We can offer help
If you suffer from:
- Anxiety disorders
- Obsessive-compulsive and related complaints
- Trauma and stress-related complaints
- Mood disorders
- Personality-related complaints
- Physical complaints
Anxiety means that you experience a kind of threat in combination with a feeling of losing control. If this anxiety is disproportional to the actual danger you’re in and impairs your normal daily functioning, then you might be suffering from an anxiety disorder. In The Netherlands, an average of 10.1% of all people between the ages 18-64 in the Netherlands annually suffer from anxiety-related problems and 19.6% of all Dutch people have had an anxiety disorder at some point in their lives. Symptoms may be: avoiding certain situations, elevated alertness levels and a need for control, excessive focusing on major past events, uncertainty or anxiety related to social situations.
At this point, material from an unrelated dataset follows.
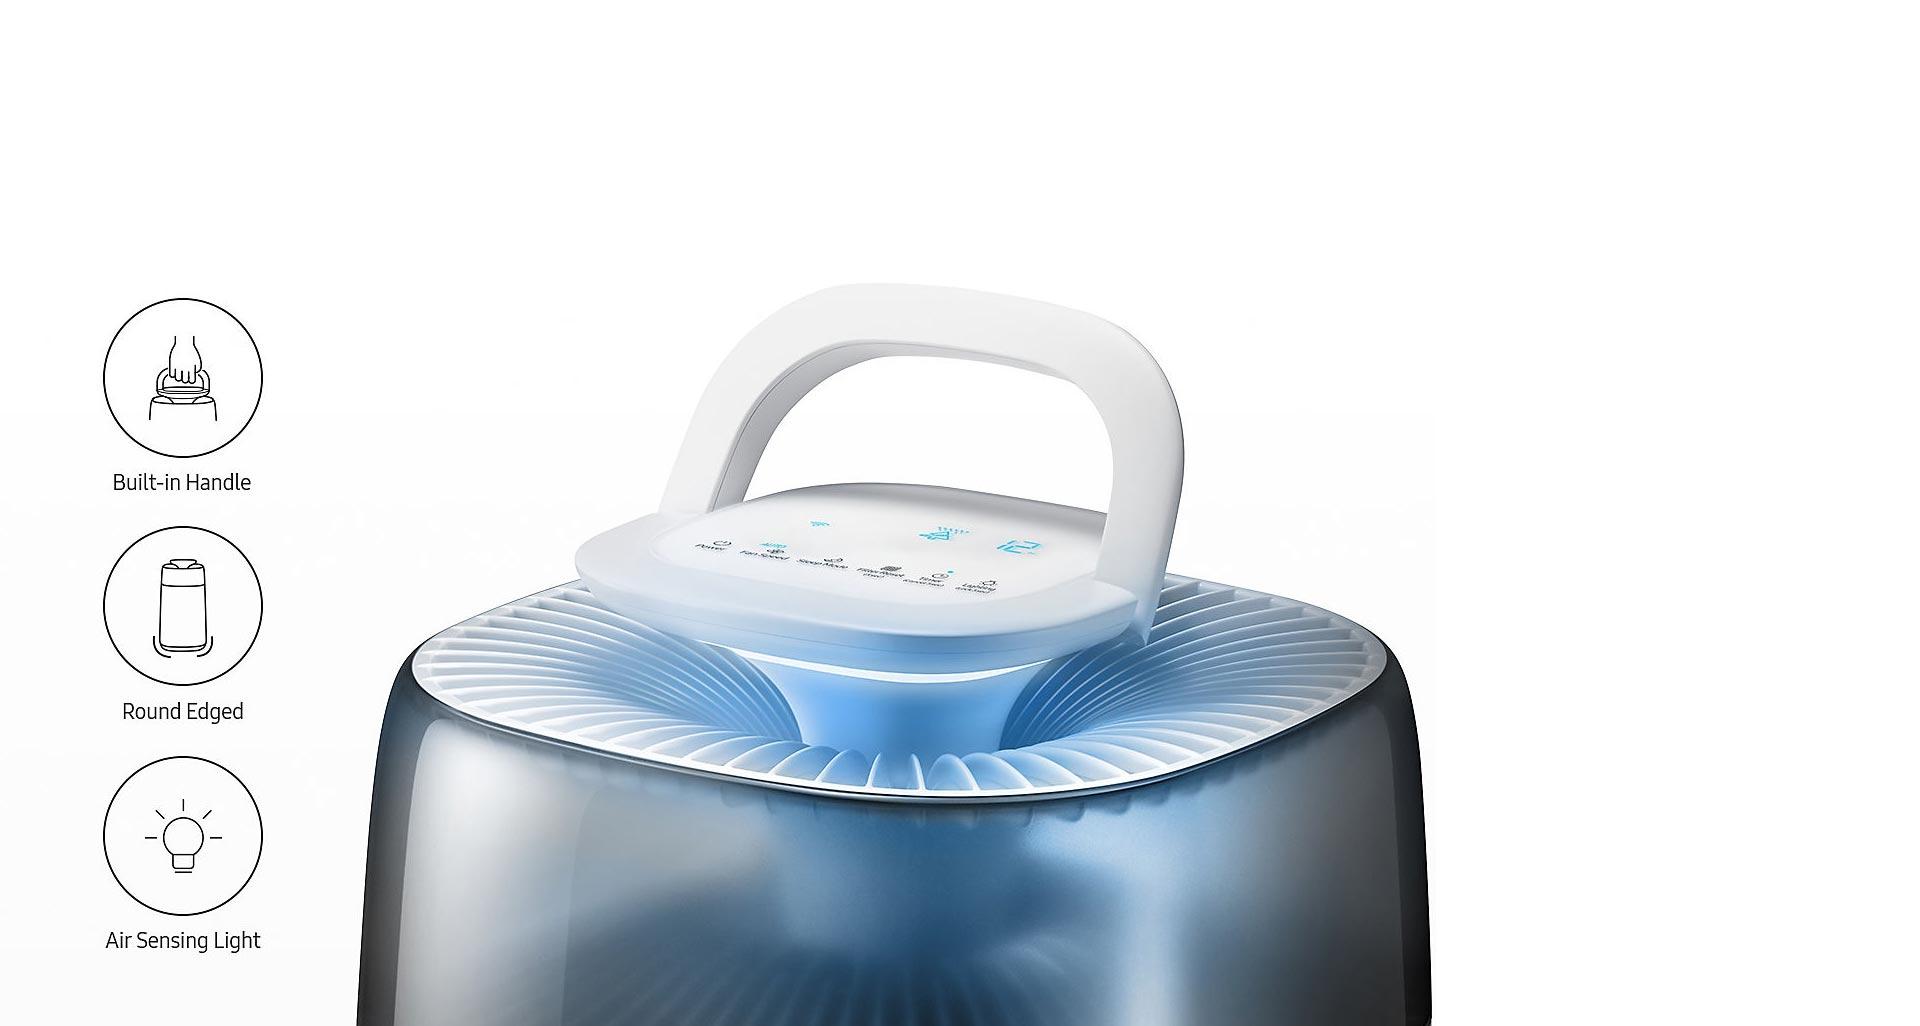 افزایش زیبایی محیط با طراحی بی نظیر تصفیه هوا AC-G42

Below you will find a description of the most prevalent anxiety disorders.
- Panic disorder
panic attack is a sudden intense burst of anxiety, in which a number of symptoms occur within a short time interval and with a high intensity, such as dizziness, dyspnoea or heart palpitations. If you suffer from frequent panic attacks that occur without a specific apparent reason, you may be suffering from a clinical anxiety disorder. The subject may avoid certain situations out of fear of suffering another panic attack, which may cause the sufferer to also develop agoraphobia.
- Specific phobias
(warning; your health care insurer will not reimburse the costs of this diagnosis, see explanation at the end of this page)
People suffering from a specific phobia experience an extreme anxiety when exposed to a specific situation, animal or object or the avoidance of any of these. Examples are: fear of spiders, fear of flying, fear of heights, claustrophobia, fear of blood or needles.
- Social phobia
A social phobia involves the fear of social rejection or of being judged negatively by others. This causes social events such as birthdays, meetings, presentations, phone calls or doing the groceries to cause the subject significant distress. The subject will undergo these activities with extreme tenseness or will avoid them altogether.
- Generalised anxiety disorder (GAD)
If you experience a lot of anxiety in different everyday situations, you may be suffering from a generalised anxiety disorder. This often involves situations over which the subject has little control, such as work or safety, whereas there is no actual reason to worry. The subject will be prone to excessive worrying, symptoms of depression and bad premonitions.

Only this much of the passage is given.